Investment Data Analyst Intern
New York, NY
- Rose AI is a financial data vendor and data product. Rose helps financial professionals access and audit the data that they need, within their Excel or Google Sheets workspace, or within Python. Rose prides itself on the auditability of the data that is made available, specifically the source of the data and the transformations that were applied to it.
- Developed transformations for ingested data in Rose’s proprietary language. These transformations are visible to individuals who audit the data, and the auditability of data is one of the core premises of Rose’s product.
- Ingested over 10k+ data series across 2 major vendors, and numerous minor vendors. Identified data vendors according to the needs of financial professionals. Vendors were evaluated for currency, openness, and accuracy. Developed documentation to navigate data made available from each vendor.
- Developed data transformations to fetch the raw data from vendors. Collaborated with the data pipeline team to deploy these scripts.
Cloud Data Analyst
New York, NY
- Tringapps is a Software Consulting company specializing in the development of SaaS applications. The cumulative active users served across applications developed by Tringapps is 400 million.

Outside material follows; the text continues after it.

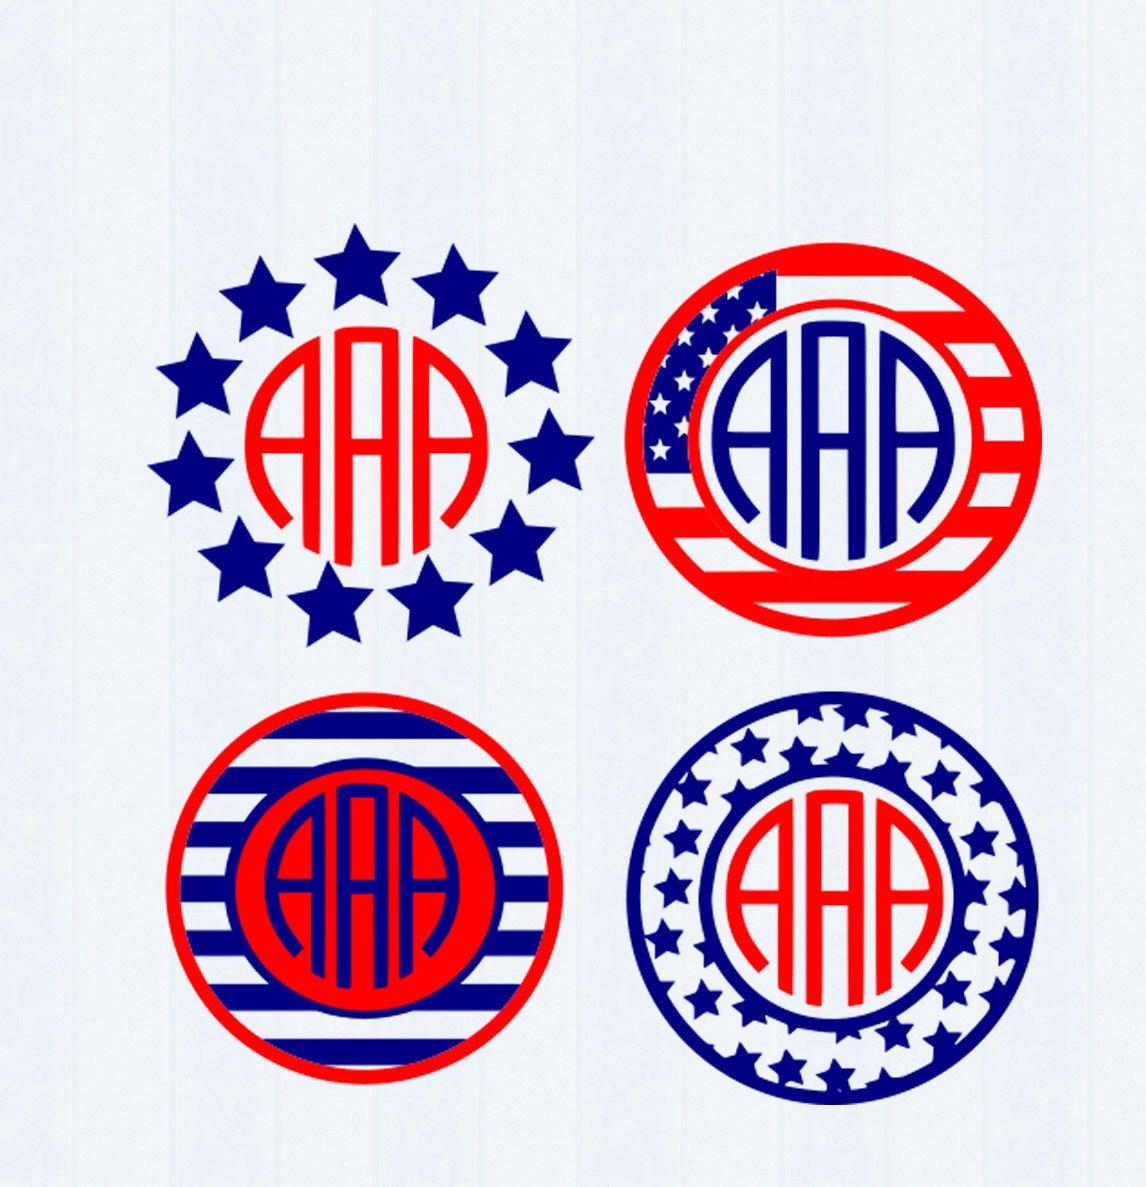 Patriotic July 4th svg American flag svg, USA monogram

- One of Tringapps’ clients was hosting an event and wanted an application developed that would provide the attendees information about the event, and allow them to communicate with other attendees.

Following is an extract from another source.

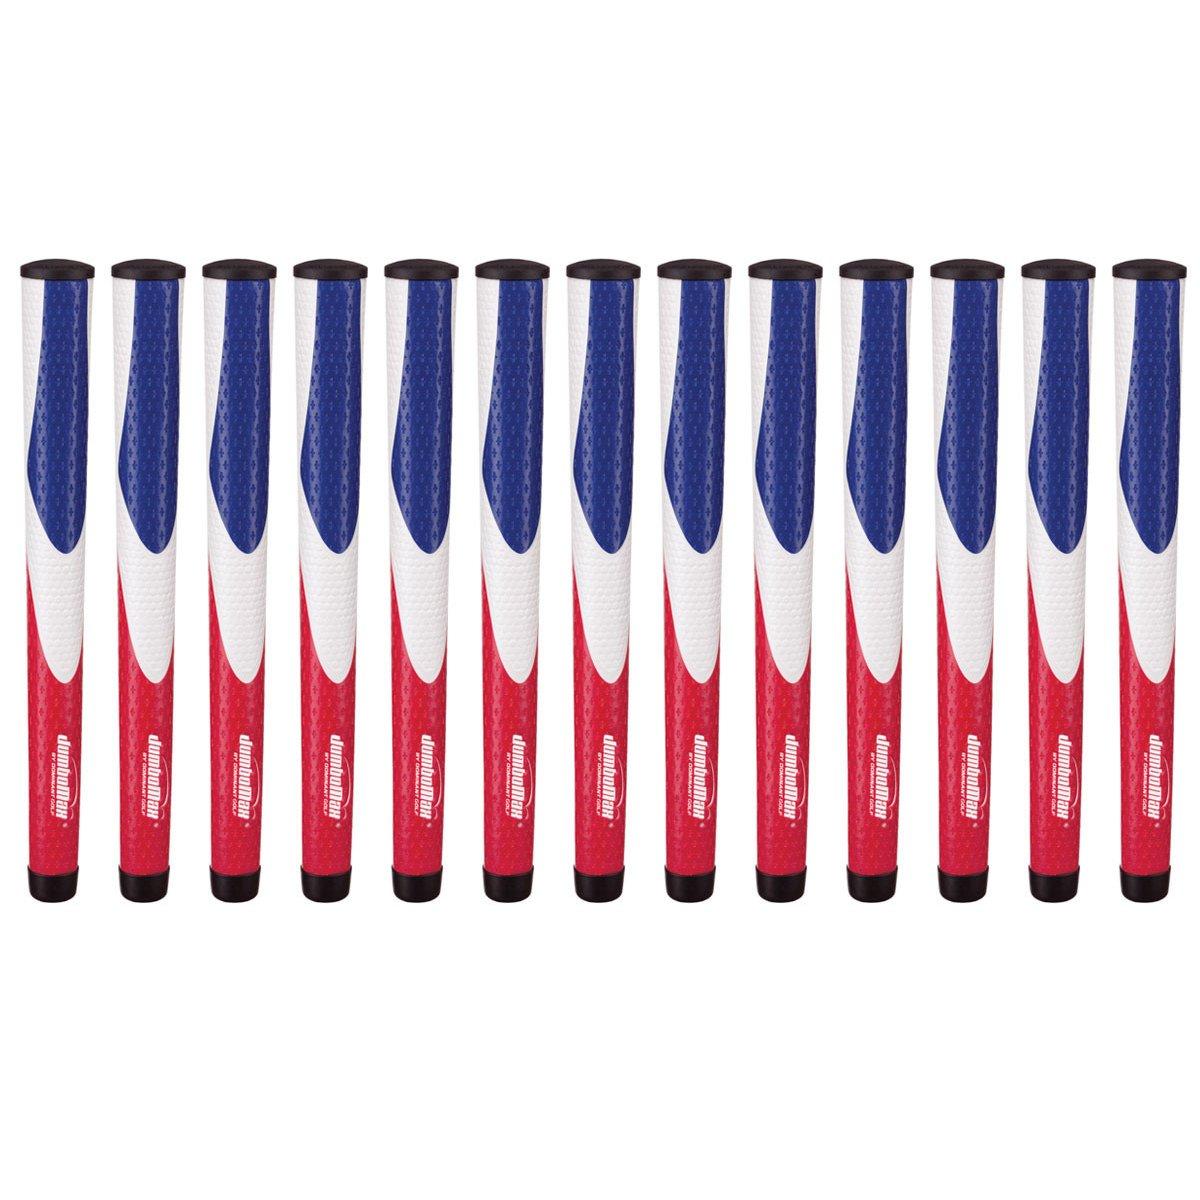 JumboMaxツアーシリーズゴルフグリップバンドル(13個) X-Large レッド/ホワイト/ブルー B01C8W91AC

- Developed the backend for the group chat feature that would allow the attendees to communicate with each other. The application supported message deletions, read receipts, among other basic functionality that would be expected in a chat application.
- Developed a WebSocket API on AWS to handle the API requests and used AWS DynamoDB to store the associated data. The solution needed to be powerful and flexible to incorporate the evolving demands of the client.
- The app was downloaded 1000+ times on the Google Play Store. It is rated 4.2/5 on the Apple App Store, and 3.7/5 on the Google Play Store. Since the chat functionality is one of two core features, this seems to suggest that the chat functionality did not deviate dramatically from the expectations of the end-user.
- One of Tringapps’ clients was a utility company, who wanted to explore the possibility of using machine learning algorithms to forecast customer usage, and estimate their bills. The experiment was a success and a model was deployed to serve these forecasts to the customer.
- Trained two models on the client’s time series data and documented the findings. Followed typical best practices including splitting the data into train, test and validation splits, while controlling for the training variables. One of the models was a custom model intended to capture both trend and seasonal variations. The other model was a forecasting model provided by AWS.
- Developed data pipelines to store the client’s data in a database dedicated to timeseries data, and developed data pipelines to transform the data from the timeseries database into the format that the machine learning model expects.
- Deployed the model so that it would be updated once a week with new data. The model accounted for parameters such as the location, the associated weather patterns and forecasts, and specific location details such as square footage and commercial/residential designation.
- Tringapps was in the midst of expanding their data solutions team, and wanted to develop an onboarding process that would quickly prepare interns to handle a variety of common data pipeline tasks that they are likely to encounter. I was selected to develop this process because I developed pipelines that were reliable, easy to maintain and modify, and I developed them quickly.
- Developed a 4-week training program which included 6 tasks that interns would complete over the course of 4-weeks alongside their other responsibilities. The tasks escalated in difficulty starting from basic API data ingestion, to arranging data from multiple data sources between dramatically different data schemas.
- Personally led 3 interns through this training program, and at least one other intern was trained through the same process. The tasks were all completed using AWS Glue and pyspark.
B.Sc Mathematics & B.A. Linguistics
Champaign, IL
- Graduated B.Sc Mathematics with distinction; 3.37 GPA.
- Completed coursework in Statistics, Differential Equations, Abstract Linear Algebra, Real Analysis, Euclidean & Non-Euclidean Geometry, and Number Theory, Syntax, Morphology, Classical Mechanics, Electromagnetism.